Yeast With IL-8 Receptor


Many papers recently report that interleukin 8 (IL8) is one of the potential salivary biomarkers in oral cavity cancer, which has significantly different levels between control and patient groups. It is proposed that IL8 can induce angiogenesis and play an important role in tumorigenesis. IL8 receptor belongs to GPCR family. Nowadays, many research characterizes GPCR-mediated pathway in yeast and its application in clinical detection. For the above reason, we choose yeast as our bio-detector and constructed a yeast strain optimized for expressing human GPCR (IL8 receptor, also named CXCR1).

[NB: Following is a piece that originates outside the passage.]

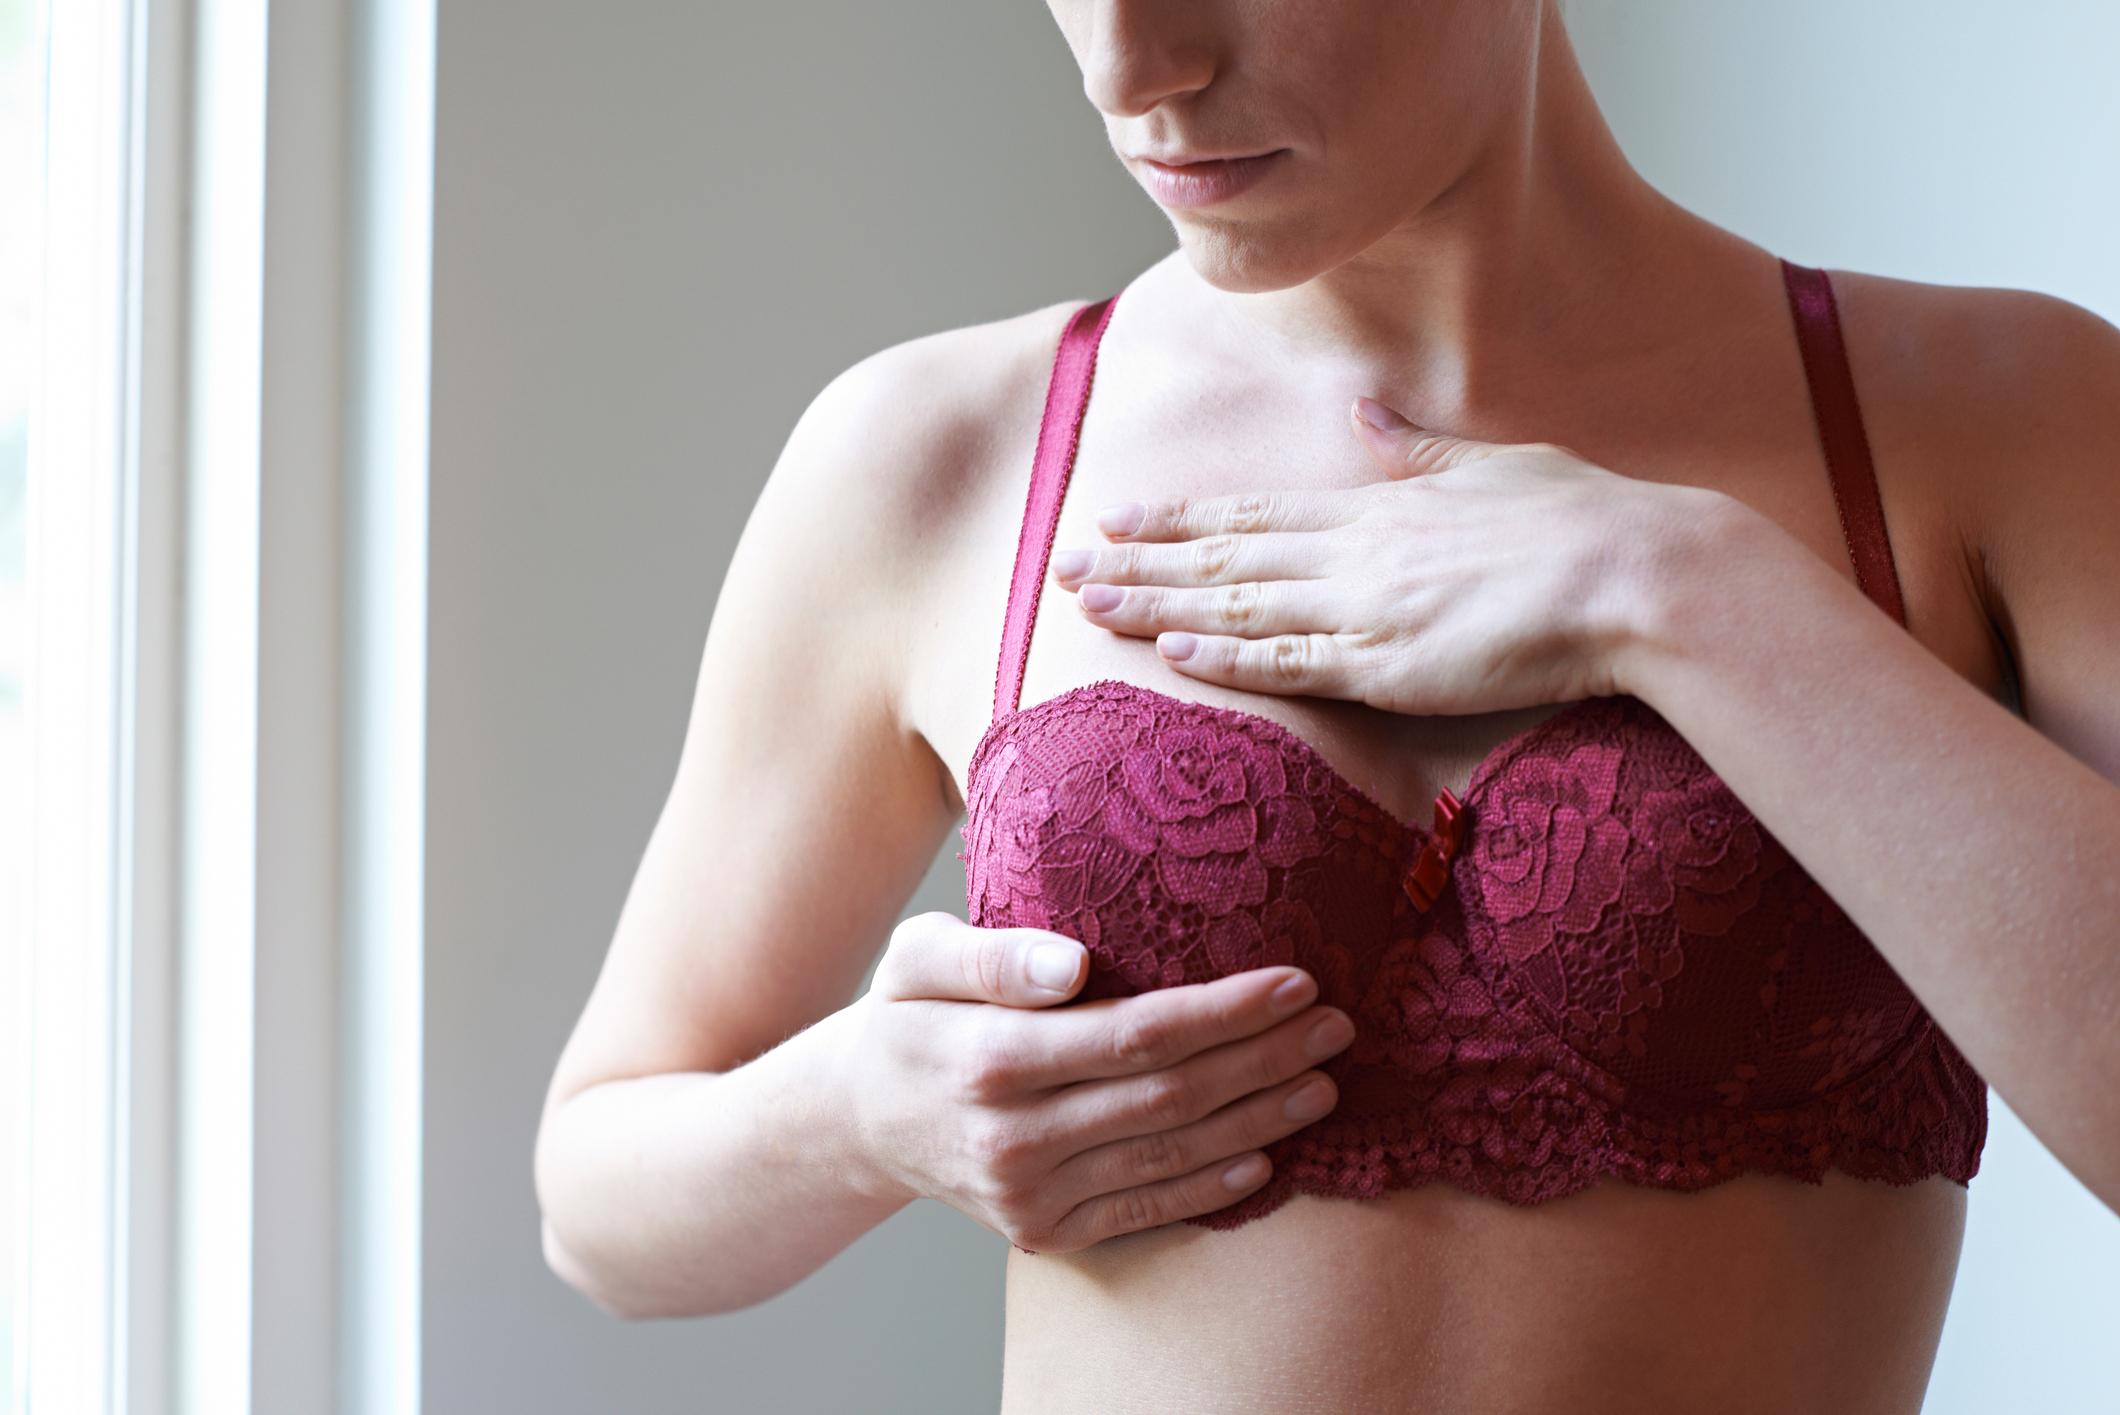 U Hrvatskoj svaki dan od raka dojke umru dvije do tri žene. To znači da svaka deseta žena ima izglede oboljeti od ove maligne bolesti. Stoga ovakve vijesti zvuče spektakularno!

Engineered Yeast pheromone sensing signaling pathway

  One of the most well-known MAPK cascade in yeast is pheromone sensing signaling pathway. In wild-type yeast, ste2/ste3 receptor binds to pheromone α/a factor and downstream pathway is activated for mating response
  In our experiment design, CXCR1 is overexpressed in yeast and mediates MAPK cascade. We got a strain BY4741 with GFP-tagged fus1 gene from Dr.Schuyler ‘s lab. In the engineered pathway, far1 gene is deleted to prevent cell cycle arrest in G1 phase. We also replaced the last five amino acid at the C-terminal of Gpa1 by human Gαi2 to promote the interaction between CXCR1and Gpa1.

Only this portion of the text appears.